A Yemeni asylum seeker who made the arduous journey to Europe after fleeing his war-torn country has been found dead in a Manchester hotel room.
Abdullah Ahmed Abdullah Al-Habib, 41, was pronounced dead at the scene after being discovered unresponsive on 6 August after arriving in the UK in June. However, the cause of death has not yet been confirmed with an investigation underway.
Al-Habib travelled across through the continent before crossing the English Channel in a flimsy boat along with 15 other people, including fellow Yemenis but also from Syria and Iran, reports the Guardian.
After being spotted by the Border Force, the Home Office detained a number of them at Yarl’s Wood immigration removal centre in Bedfordshire before moving them onto a hotel in Manchester.
One of the passengers who was with Al-Habib in the dinghy is quoted as saying: “We did not recognise the language of the smugglers. They charged us €2,000 or €3,000 [$2,366 or $3,549]. The journey was terrifying. Every minute of it we felt we were hovering between life and death and could drown at any time”
“All of us on these journeys, we have lost our country, lost our family, lost our future. When we got into the boat in Calais we felt the sea was the only place left for us to go.”
Arab News reports that although the nature of Al-Habib’s death is unclear, mental health problems and suicides are common among asylum seekers in the UK. On average two people a day tried to commit suicide in British deportation centres in 2018. According to the Refugee Council, 61 per cent of asylum seekers experience serious mental distress.

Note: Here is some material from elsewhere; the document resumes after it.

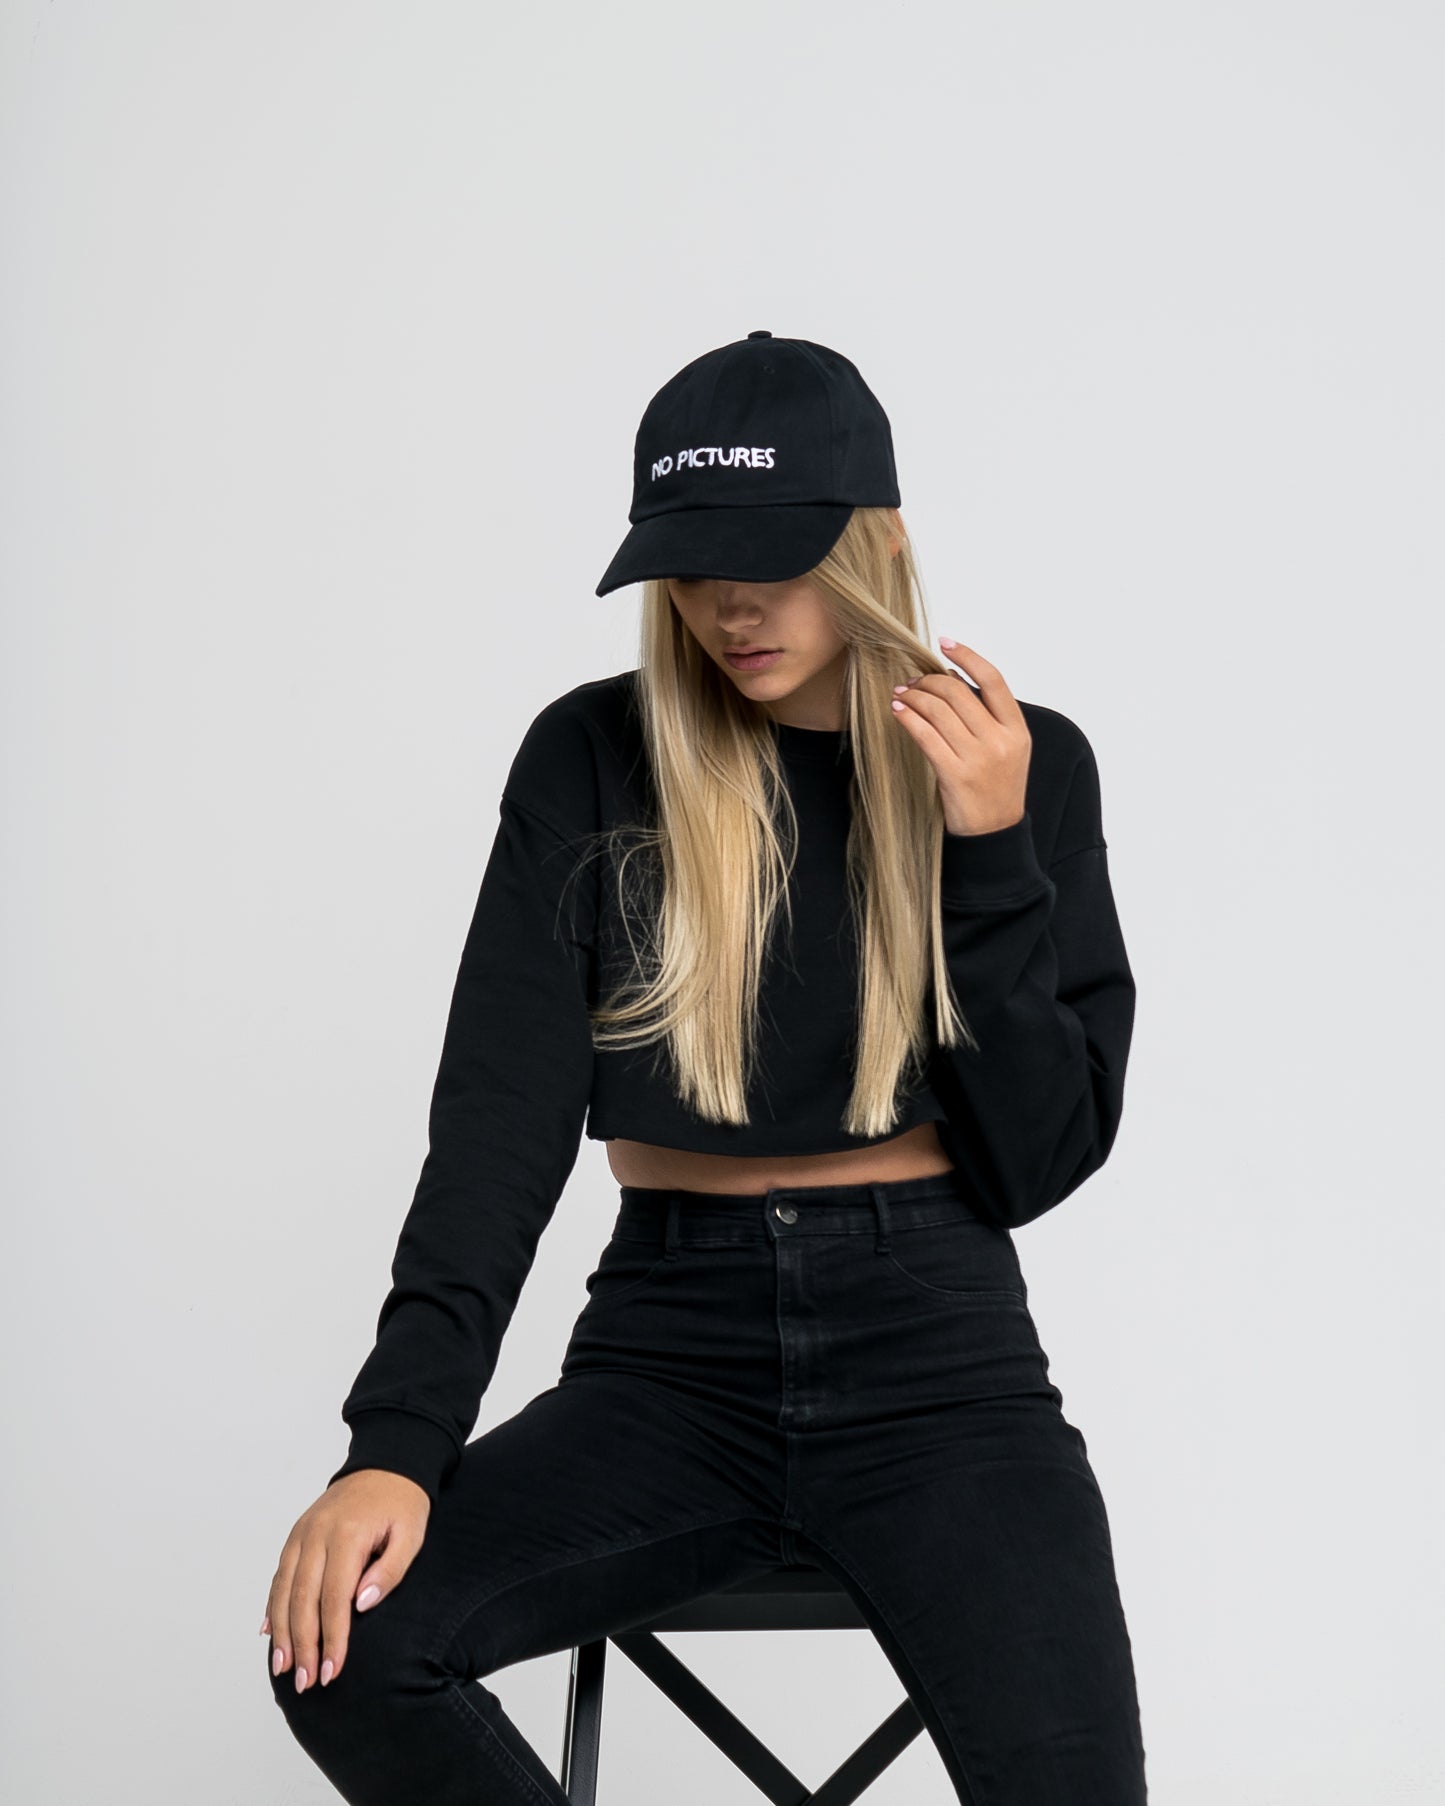 Nasaseasons No Pictures embroidered baseball hat in black

A Home Office spokesperson said: “An individual tragically died in the … hotel earlier this month and all our thoughts are with their loved ones at this time.”

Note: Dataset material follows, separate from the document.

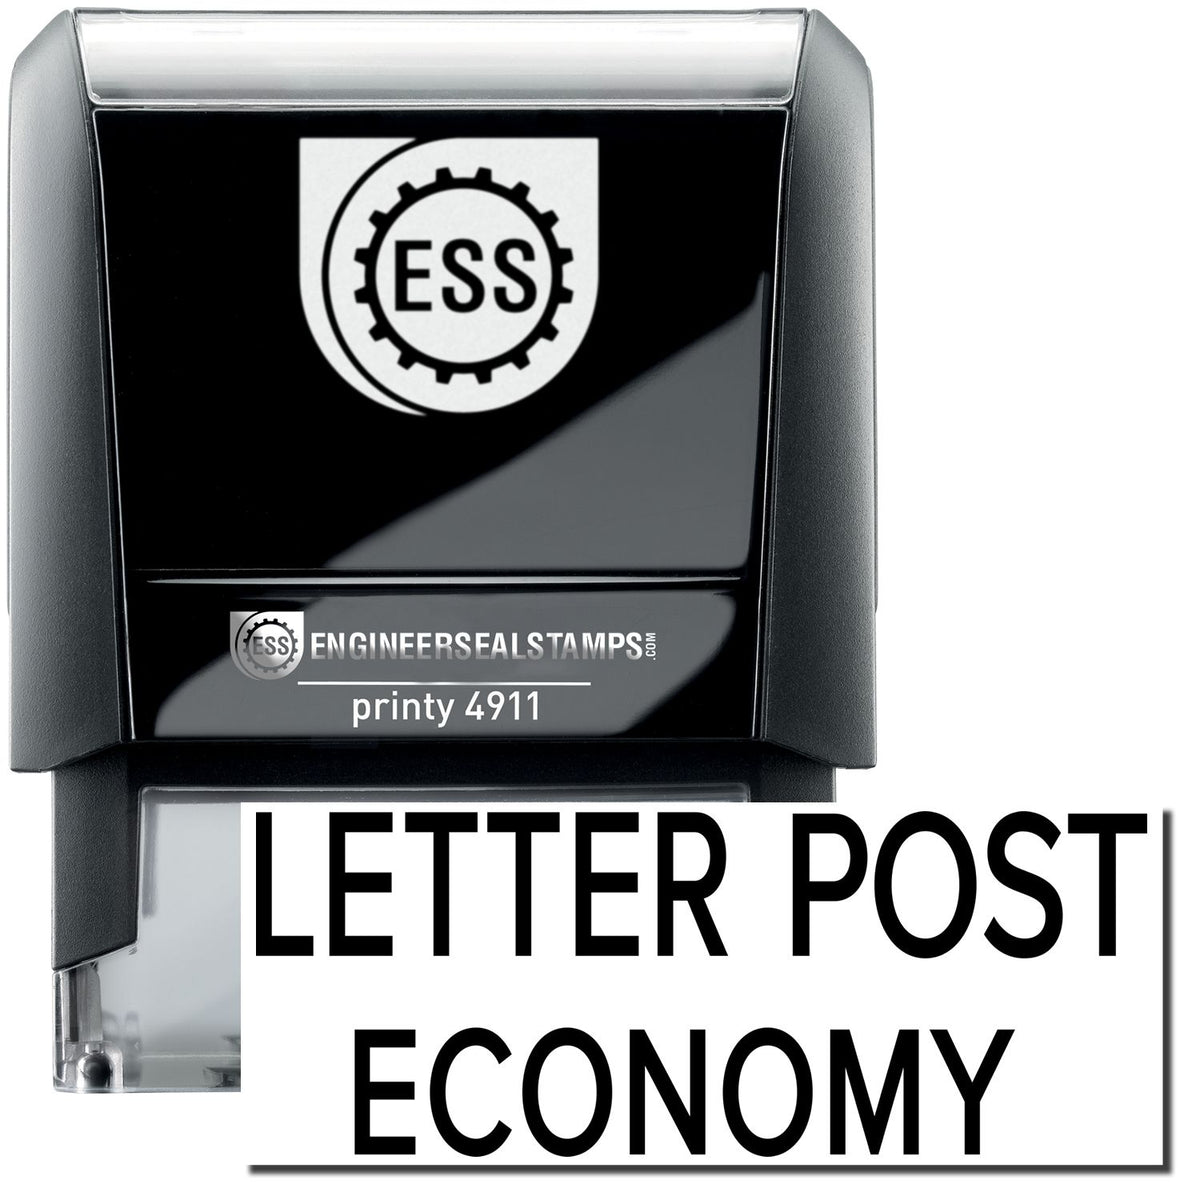 A self-inking stamp with a stamped image showing how the text &quot;LETTER POST ECONOMY&quot; is displayed after stamping.

Al-Habib leaves behind a wife and four young children, all of whom are still in Yemen.
The war in Yemen began five years ago when the US-backed, Saudi-led coalition launched a bombing campaign in an attempt to topple the Houthi-led government based in the capital Sanaa in order to restore the UN-recognised government in exile. The conflict has over a 100,000 people and left 80 per cent of the population in need of humanitarian assistance.